→ WHAT IS NEEDED:
Using the records below, transcribe word for word the stretch from the line that contains "20 Years Ago: When" through the line that contains "Colorful back to", both end lines included, and nothing else.

→ DATA EXTRACT:
........

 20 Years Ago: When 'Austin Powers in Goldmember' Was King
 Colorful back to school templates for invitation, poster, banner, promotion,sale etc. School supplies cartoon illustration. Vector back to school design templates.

........

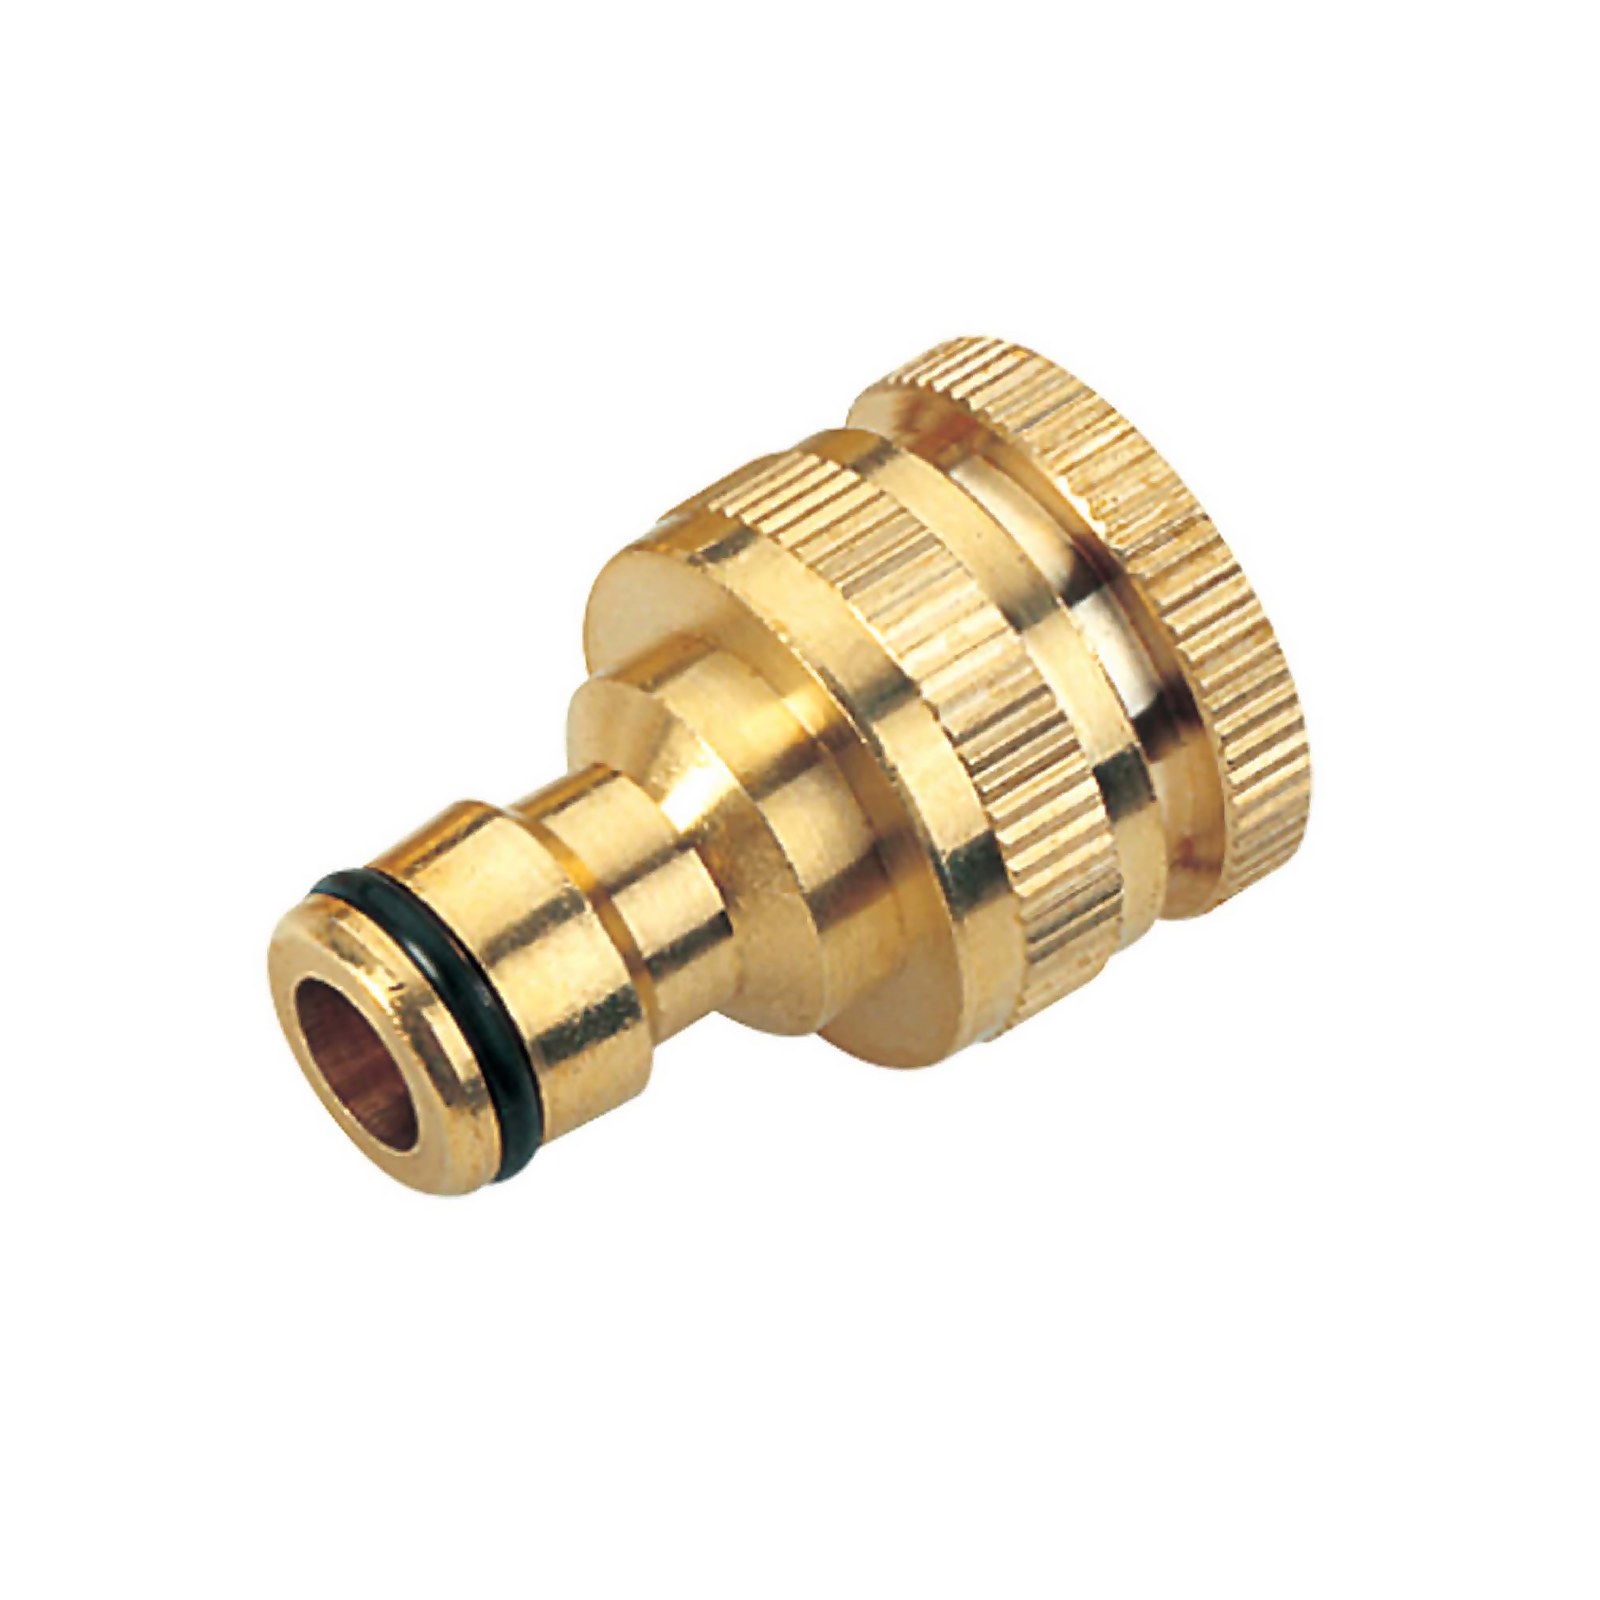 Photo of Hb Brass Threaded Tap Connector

........

→ SOLUTION FOR THIS EXERCISE:
 20 Years Ago: When 'Austin Powers in Goldmember' Was King
 Colorful back to school templates for invitation, poster, banner, promotion,sale etc. School supplies cartoon illustration. Vector back to school design templates.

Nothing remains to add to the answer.